Redis offers way more than just the typical set and get operations that we’ve seen with Memcached and APC. I’ll briefly cover them here with some examples and common use-cases. The full command list is available here.

Simple Operations

The most basic features give us exactly what APC and Memcached have- simple GET and SET operations.

 1 <?php

 2

 3 $r = new Redis;

 4 $r->connect("127.0.0.1");

 5

 6 $r->set('key', 'foobar');

 7 $r->get('key'); // returns foobar

 8

 9 $r->setex('key', 100, 'foobar');  // set with 100 second expiration

10 $r->psetex('key', 100, 'foobar'); // set with a 100ms expiration

11

12 $r->setnx('key', 'foobar'); // set only if key doesn't exist

13 $r->delete('key');

We have atomic counters, too!

1 $r->incr('views');       // 1

2 $r->incr('views');       // 2

3 $r->incrby('views', 10); // 12

4 $r->decr('views');       // 11

Other single key commands worth exploring- ttl, expire, exists, expireat, rename, type, and persist.

GET and SET commands are great for storing singular data. The increment and decrement commands are atomic (meaning, you don’t have to worry about race conditions.)

Hashes

Redis can store hashes, which are pretty much like a PHP associative array, and can be used to group information together by key.

 1 <?php

 2

 3 $r->hset('user:1', 'name', 'Steve');

 4 $r->hset('user:1', 'username', 'scorona');

 5

 6 $r->hset('user:2', 'name', 'John');

 7 $r->hset('user:2', 'username', 'jdoe123');

 8

 9 $r->hget('user:2', 'name'); // returns John

10 $r->hlen('user:2'); // returns number of keys (2)

Other hash commands worth exploring- hgetall, hexists, hvals, hkeys, hincrby, hmset, hmget, hdel, and hsetnx.

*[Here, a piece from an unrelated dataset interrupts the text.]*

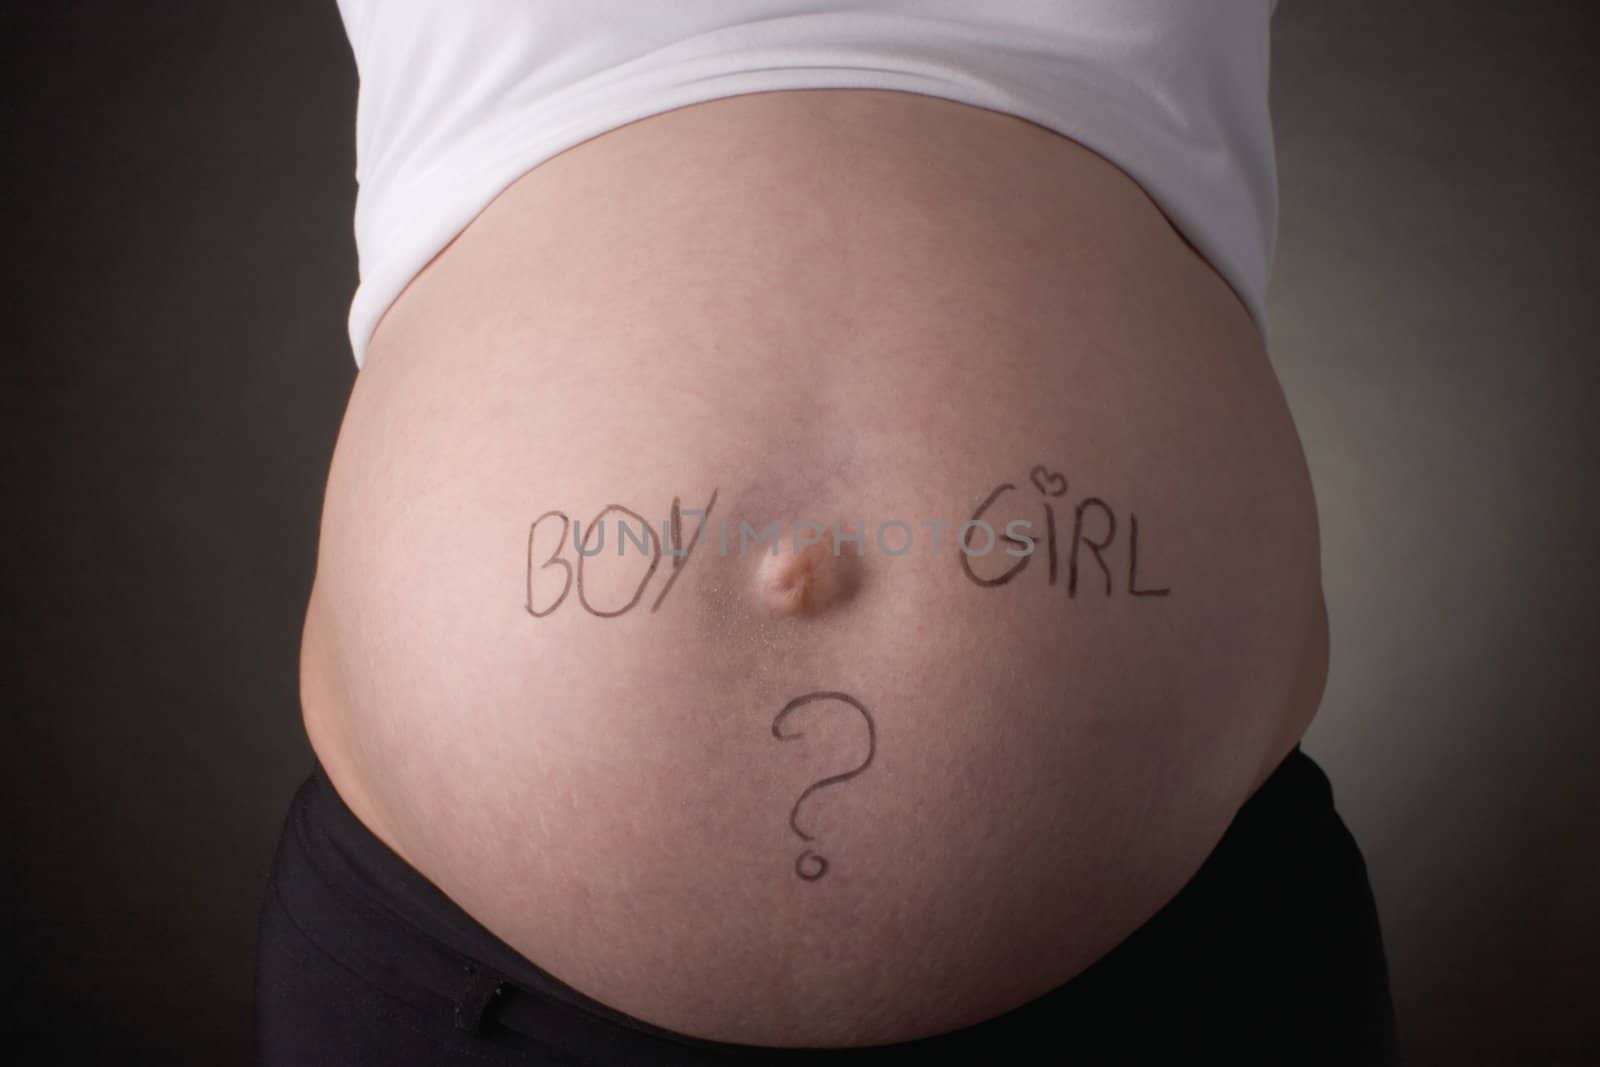 seven month old belly with the question boy or girl written on it

Hashes can be used just like SET and GET, but are great (and more efficient+convenient) for storing data that can be grouped together by a common key. For example, if we were storing user data in Redis, it makes sense to use a hash because the data can be grouped together by the user id.

Lists

A Redis List is like a numerically indexed array in PHP.

1 <?php

2

3 $r->lpush('key', 'foo'); // returns 1

4 $r->lpush('key', 'bar'); // returns 2

5 $r->rpush('key', 'test'); // returns 3

6 $r->lsize('key'); // returns 3

7 $r->lindex('key', 0); // returns bar

8 $r->lset('key', 1, 'testiest');

Other list commands- lpushx, lpop, lsize, ltrim, lrange, lrem, and more.

Lists are great for storing, well, lists of data. You can add, remove, trim, push, and pop items from the list all atomically. I love to use lists for time ordered data, because they are naturally sorted by insertion time when you use lpush.

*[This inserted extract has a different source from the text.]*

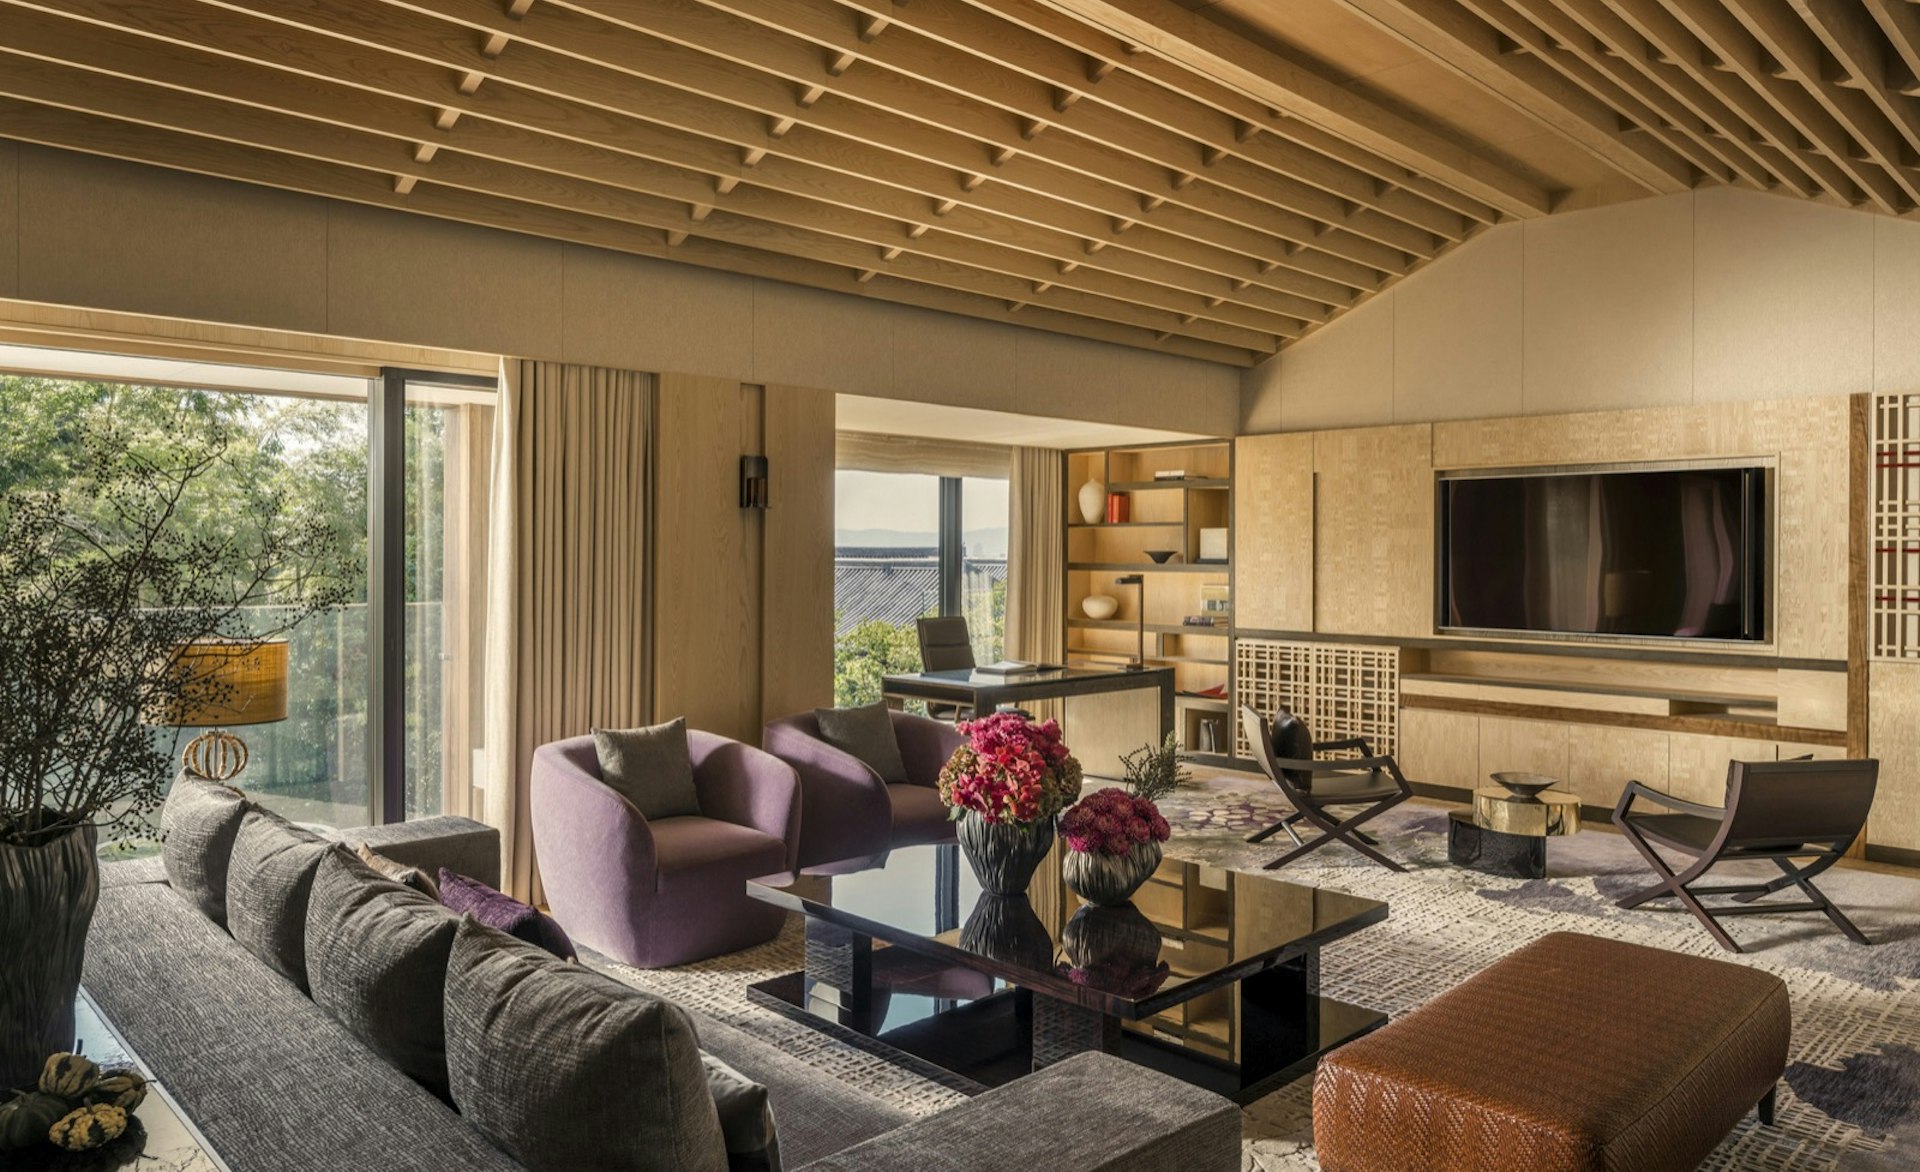 The living area of the Four Seasons Kyoto presidential suite, with Japanese-influence design and views over Japanese rooftops

A great use case is for notification feeds, where you have a list for every user and push new notifications to the front of the list.

Lists are also the basic primitive that our queuing system, Resque, uses as it’s underlying data structure.

Sets and Sorted Sets

Sets are similar to lists in that you can store a bunch of data in single key. The main differences are that sets are completely unordered and can not contain any duplicate data. Unlike lists, sets give you more robust features- checking to see if a value is inside of a set, unioning sets together and even calculating intersections and differences. There is a lot of power here.

1 <?php

2

3 $r->sadd("names", "steve", "john", "alice");

4 $r->scard("names"); // returns 3

5 $r->sismember("names", "steve"); // returns true

On top of sets, we also have sorted sets which are slower but allow you to order your set as they are normally completely unordered.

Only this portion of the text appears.